_EXERCISE OBJECTIVE_: Produce a word-for-word copy of the data that follows, excluding images.

_DATA EXTRACT_:
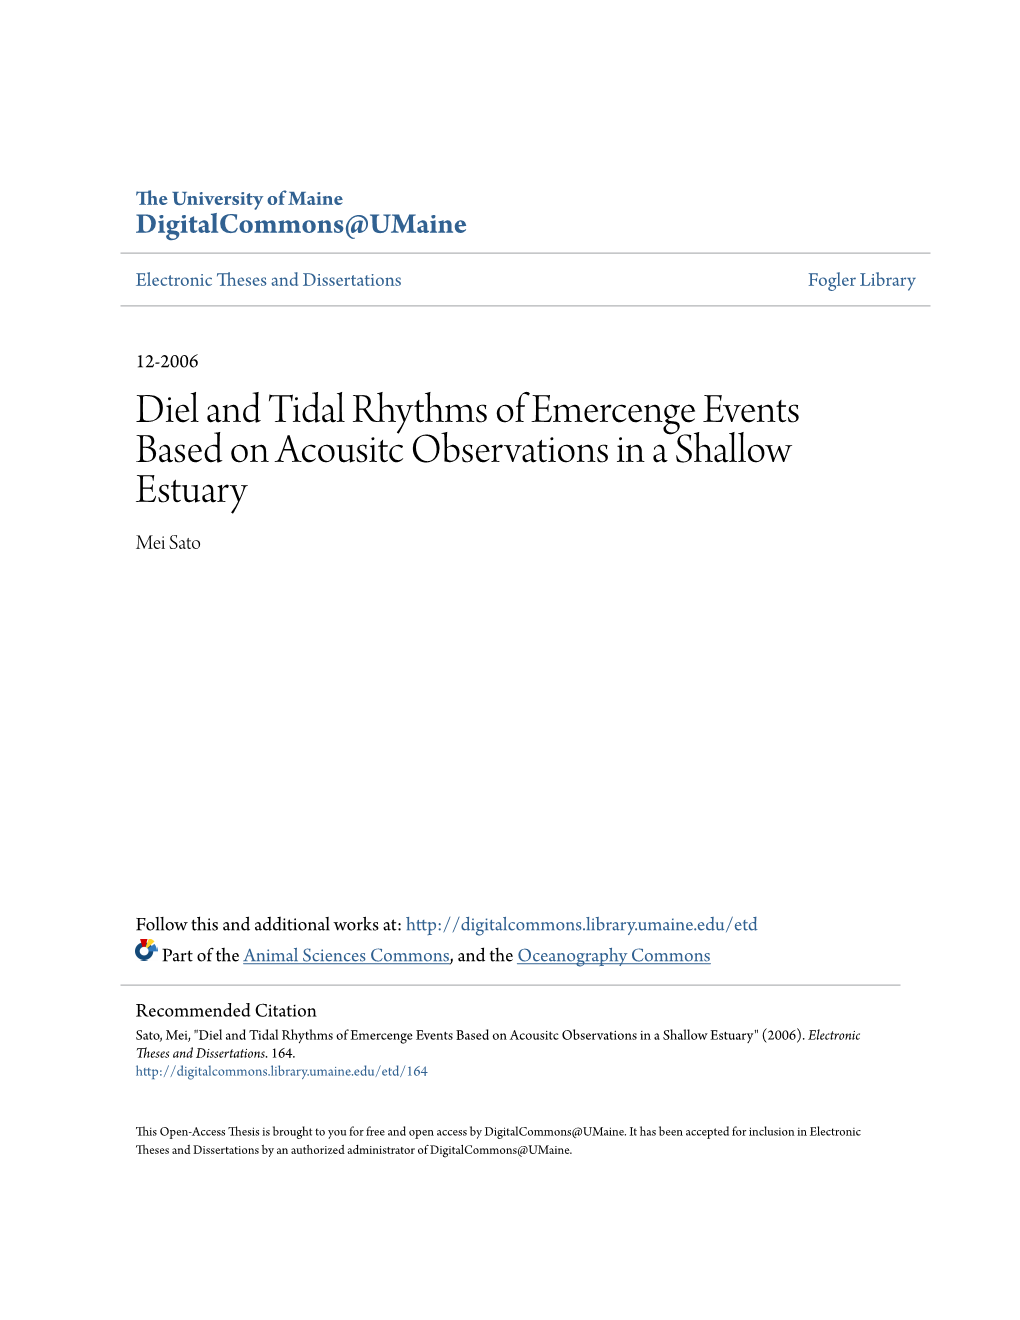 Diel and Tidal Rhythms of Emercenge Events Based on Acousitc Observations in a Shallow Estuary Mei Sato
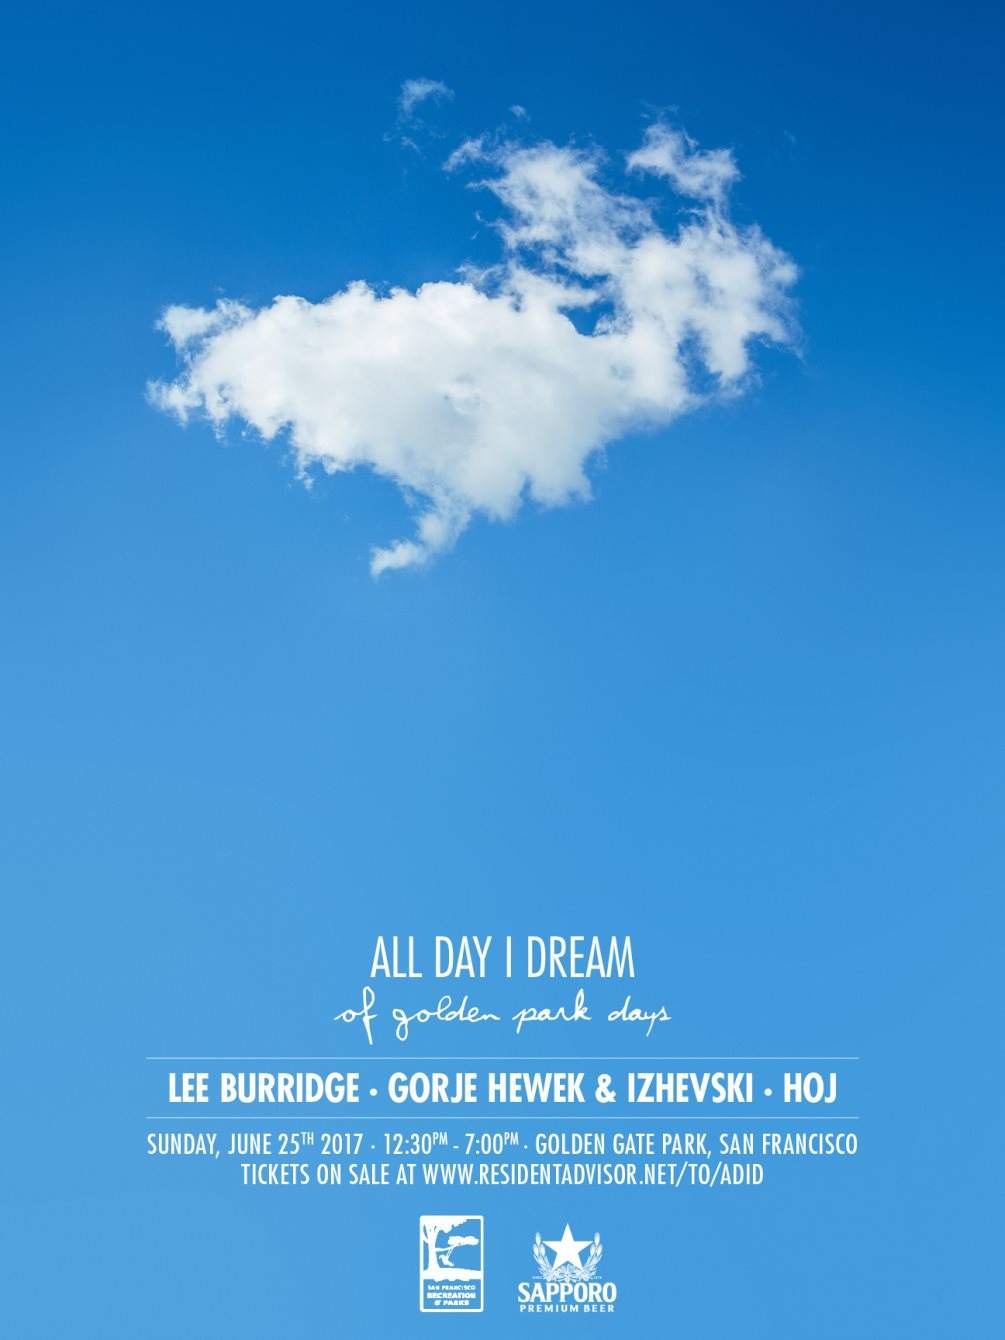 All Day I Dream of Golden Park Days - フライヤー表
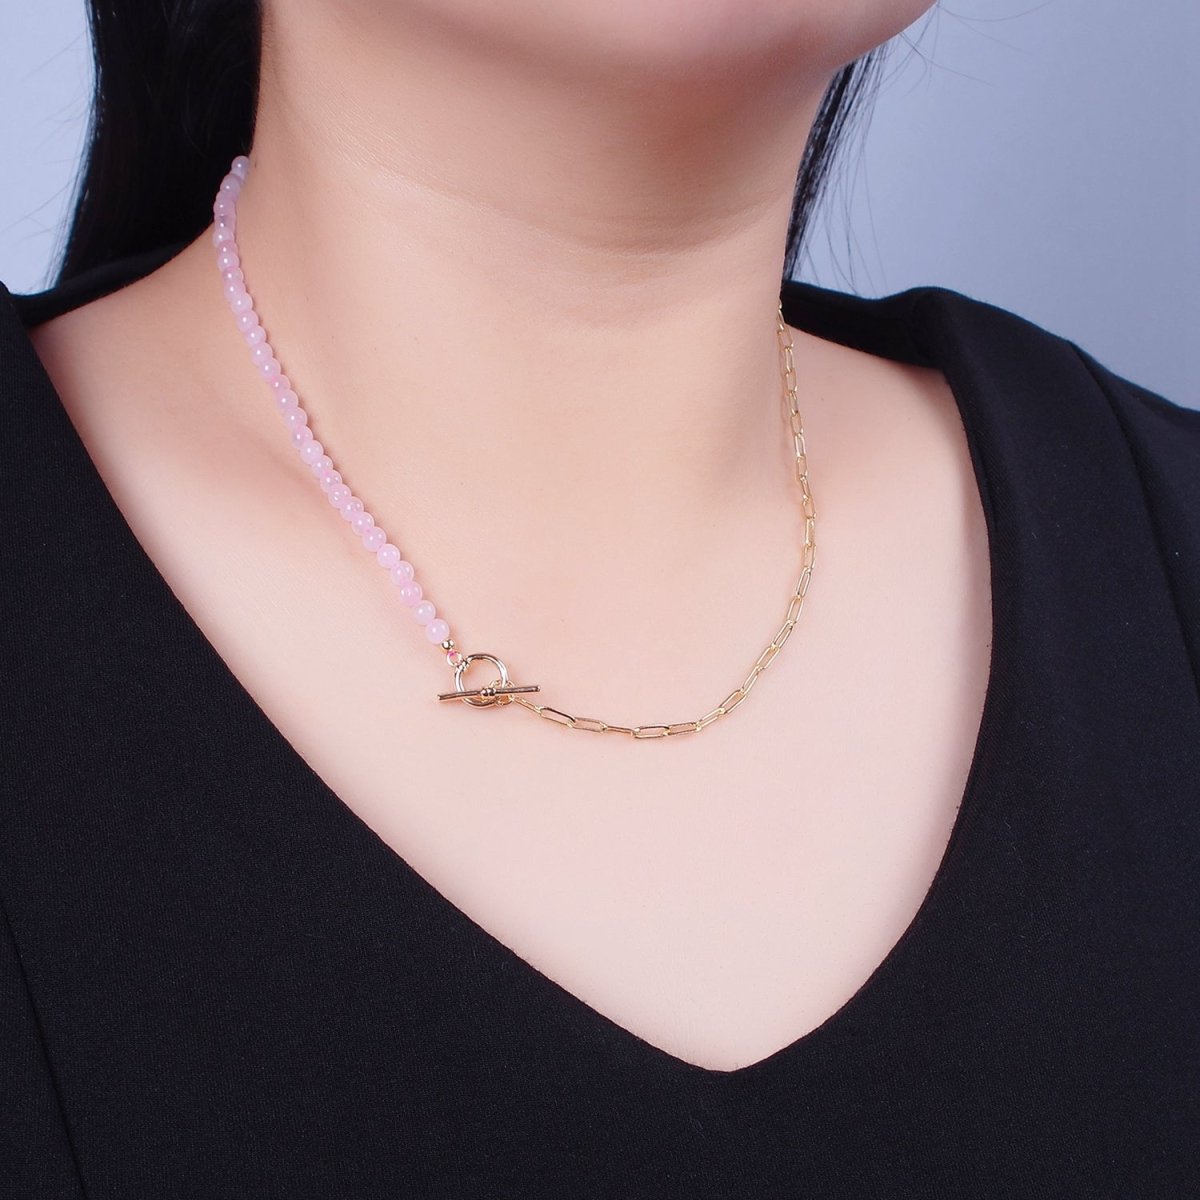 Dainty Half Bead Half Link Chain Necklace, 24k Gold Filled Paperclip Chain with Pink Quartz Necklace | WA-968 Clearance Pricing - DLUXCA

_RESULT FOR THIS EXERCISE_:
 Diel and Tidal Rhythms of Emercenge Events Based on Acousitc Observations in a Shallow Estuary Mei Sato
 All Day I Dream of Golden Park Days - フライヤー表
 Dainty Half Bead Half Link Chain Necklace, 24k Gold Filled Paperclip Chain with Pink Quartz Necklace | WA-968 Clearance Pricing - DLUXCA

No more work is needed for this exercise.